» BRIEF
Every record must be repeated exactly; omit any pictures they contain.

» DATA FOR THE TASK
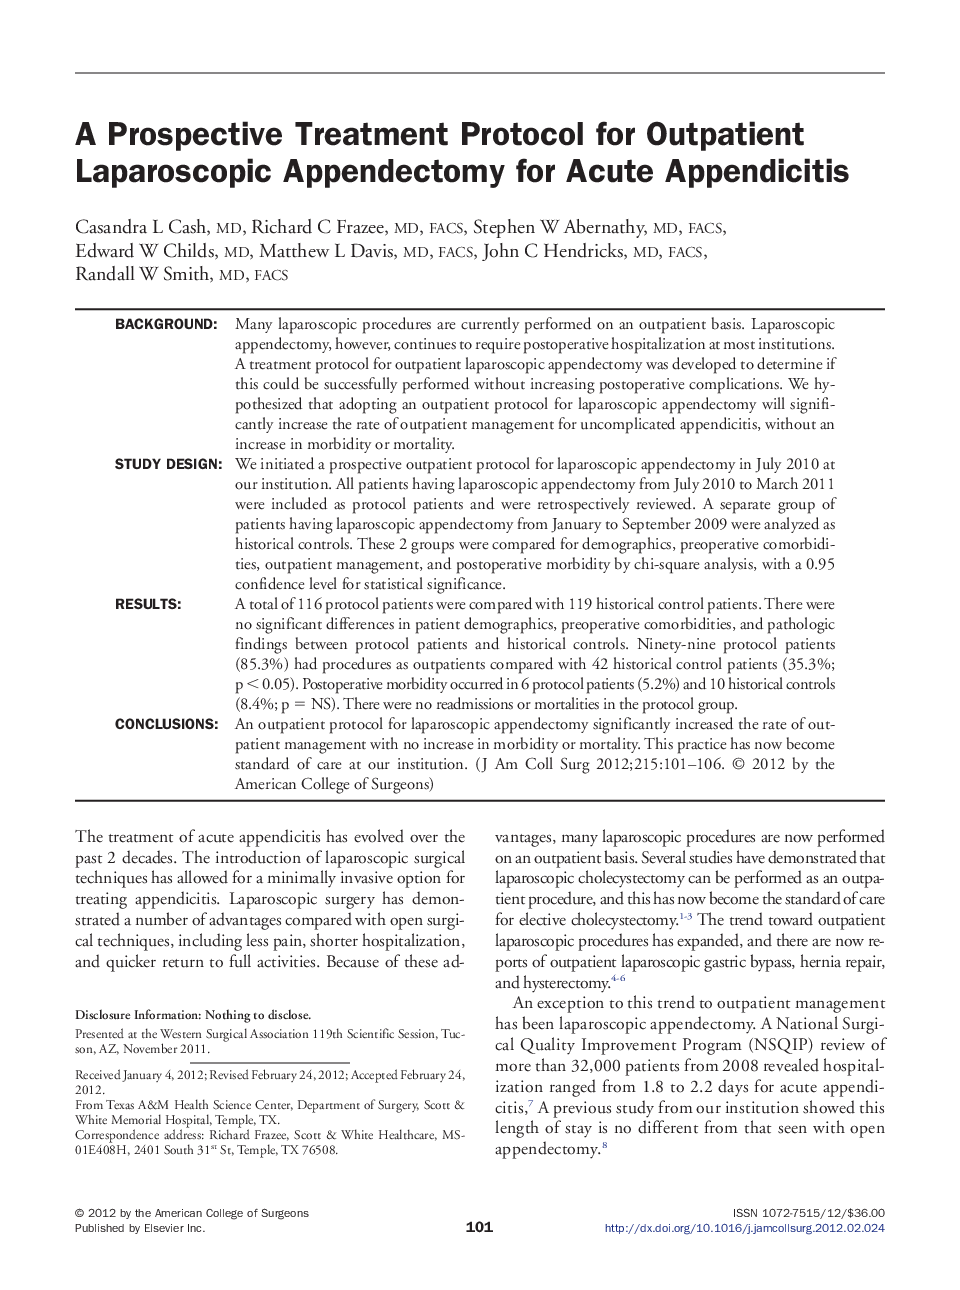 A Prospective Treatment Protocol for Outpatient Laparoscopic Appendectomy for Acute Appendicitis 
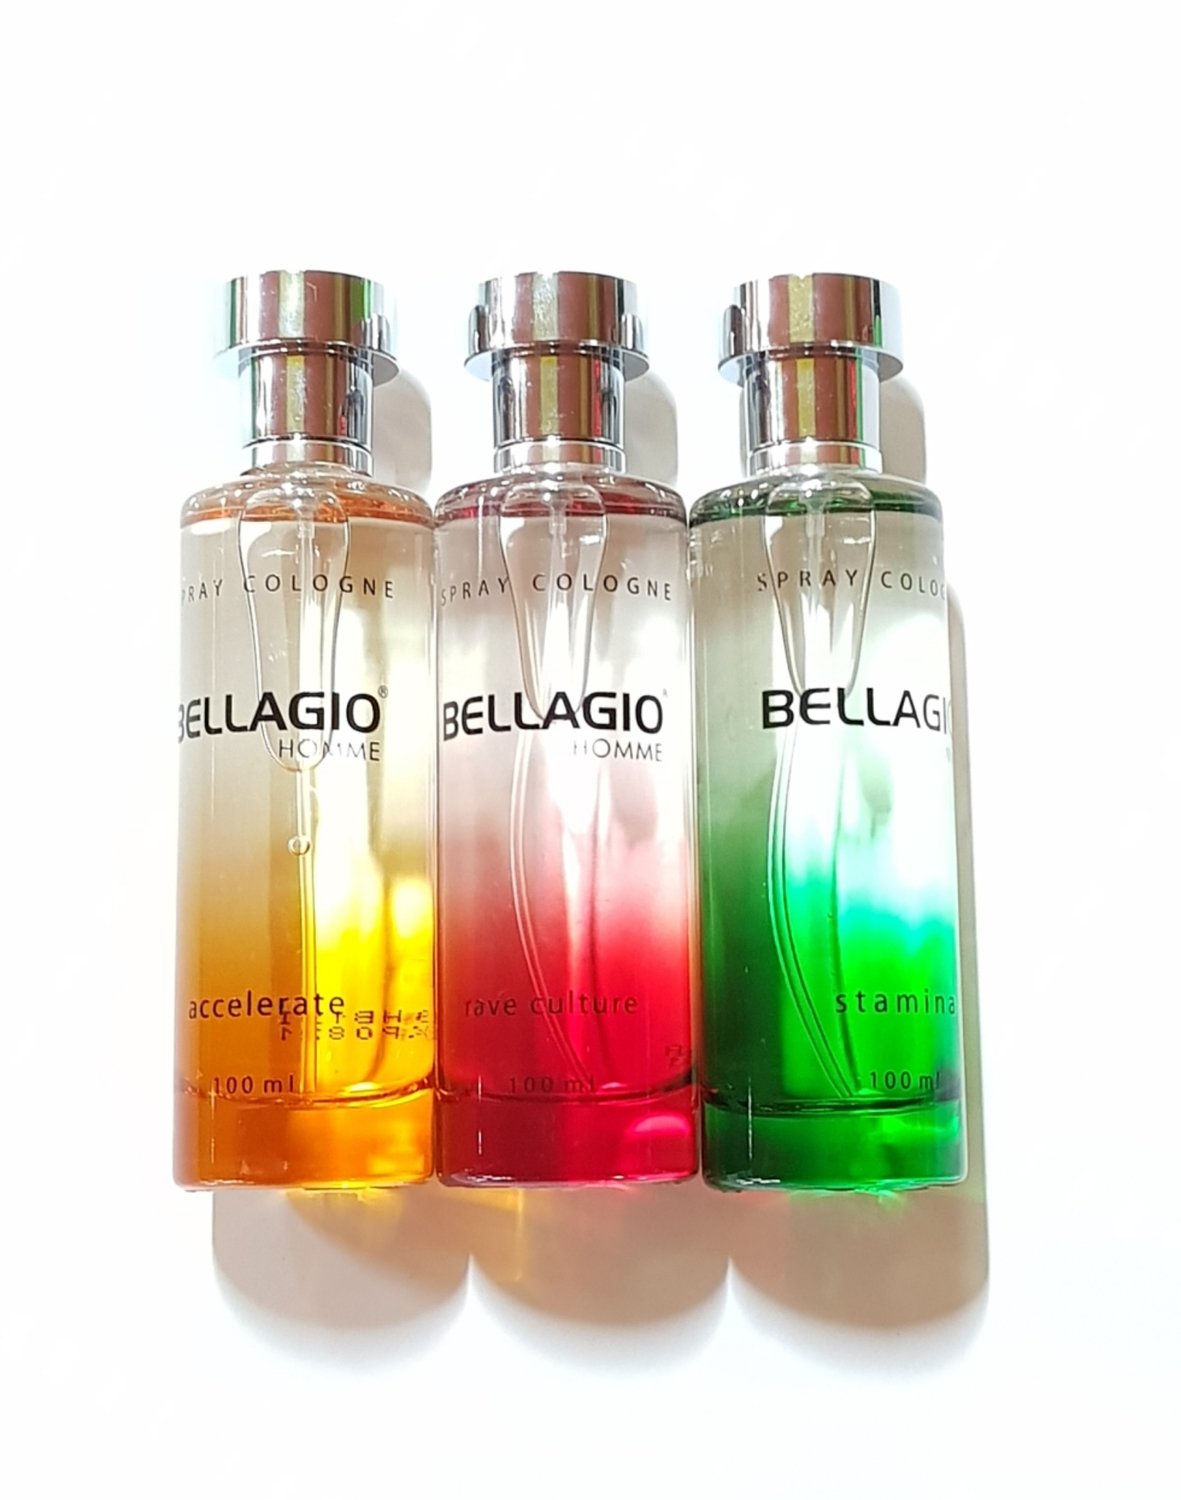 Parfum Bellagio 100 ml (Warna Merah)
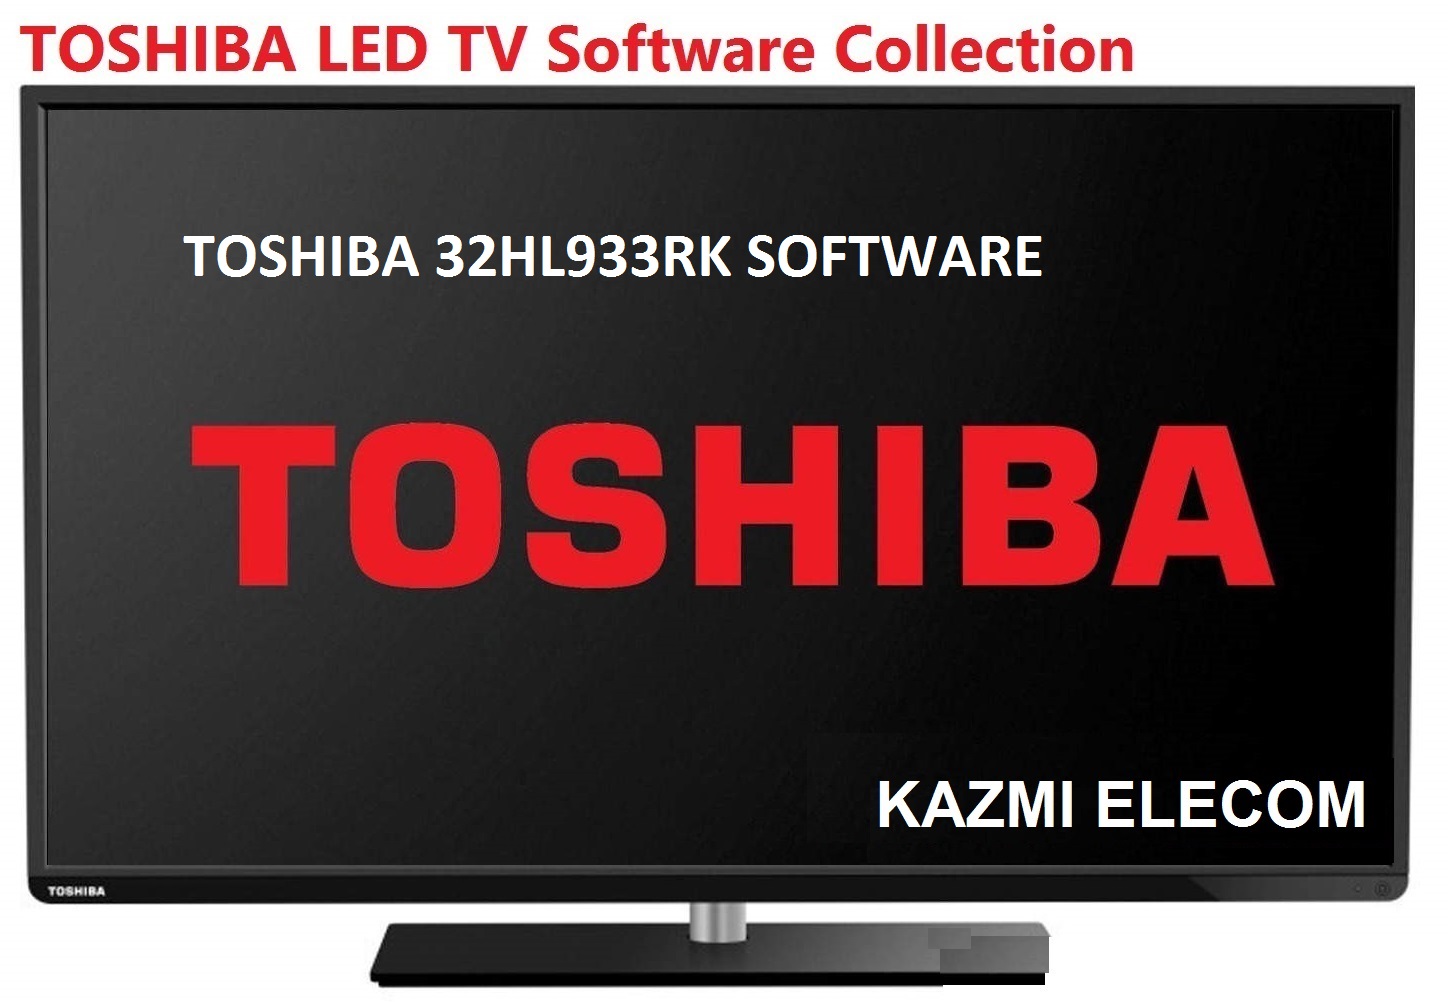 Toshiba 32Hl933Rk
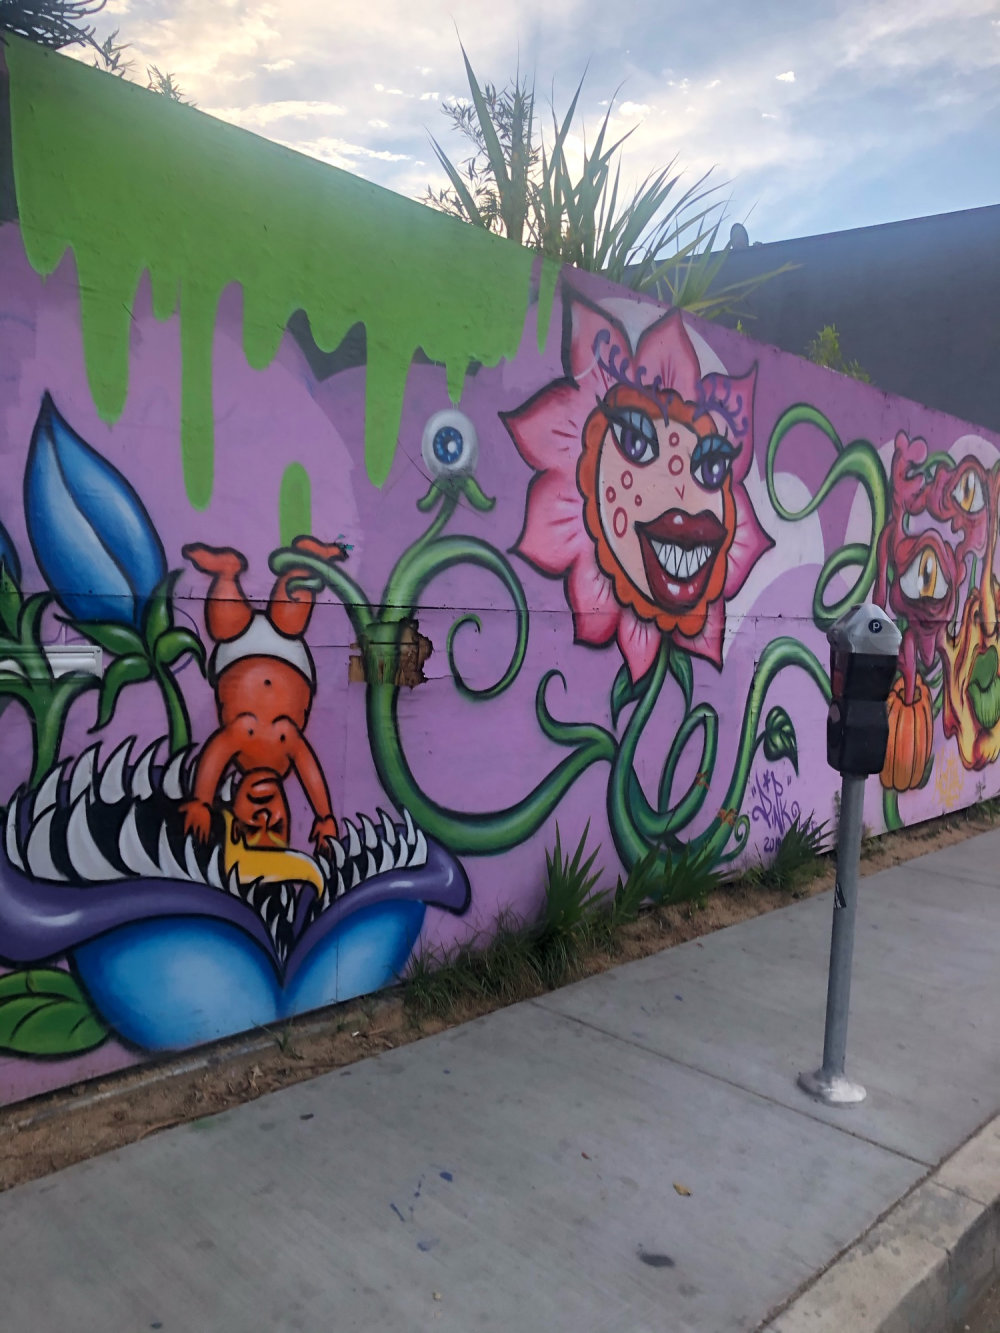 mural in Los Angeles by artist Lady Pink.
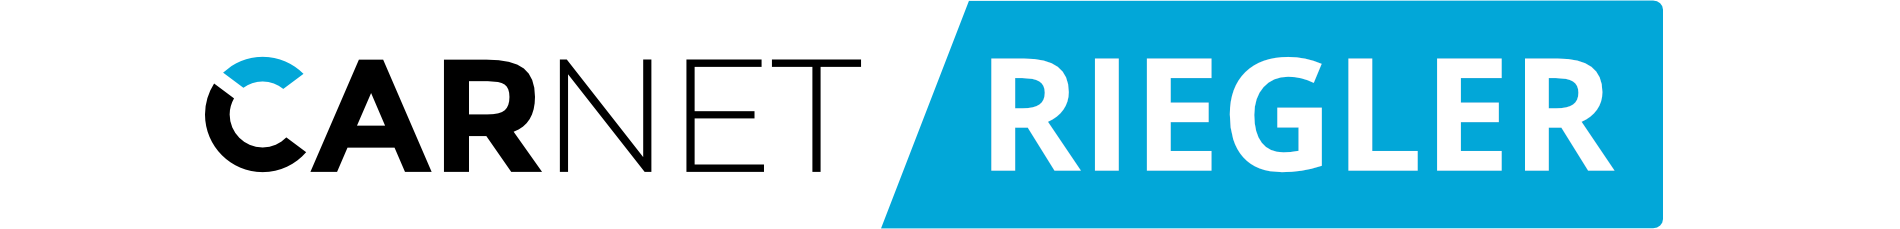 carnet-riegler-logo
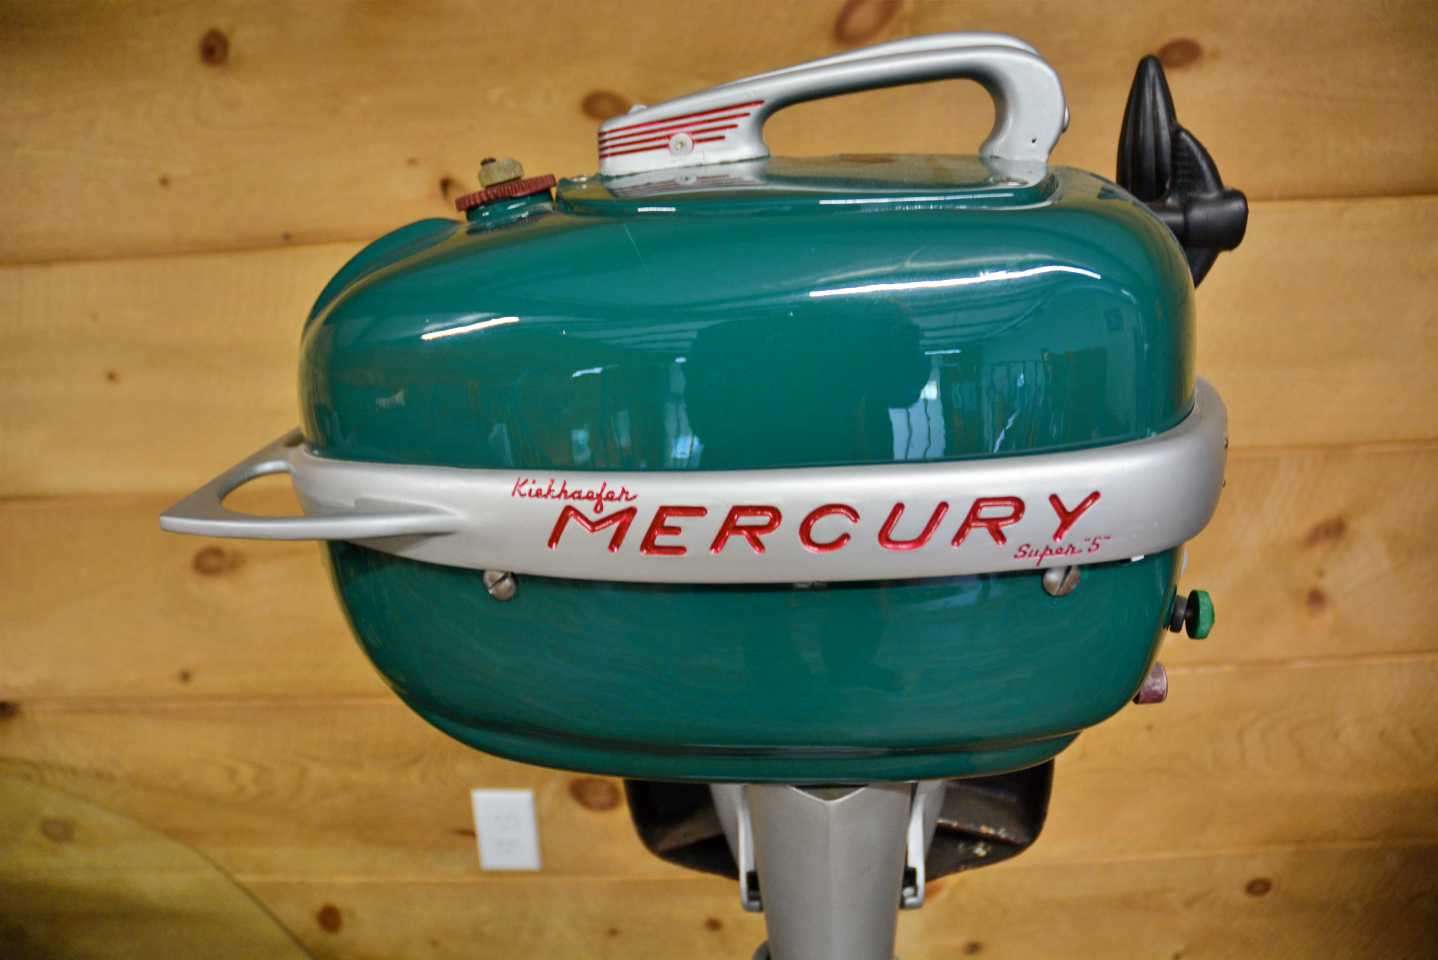 On the stand is a 1940s-era Kiekhaefer Mercury âSuper 5â outboard motor.

» ANSWER FOR THE TASK
 A Prospective Treatment Protocol for Outpatient Laparoscopic Appendectomy for Acute Appendicitis 
 Parfum Bellagio 100 ml (Warna Merah)
 Toshiba 32Hl933Rk
 mural in Los Angeles by artist Lady Pink.
 carnet-riegler-logo
 On the stand is a 1940s-era Kiekhaefer Mercury âSuper 5â outboard motor.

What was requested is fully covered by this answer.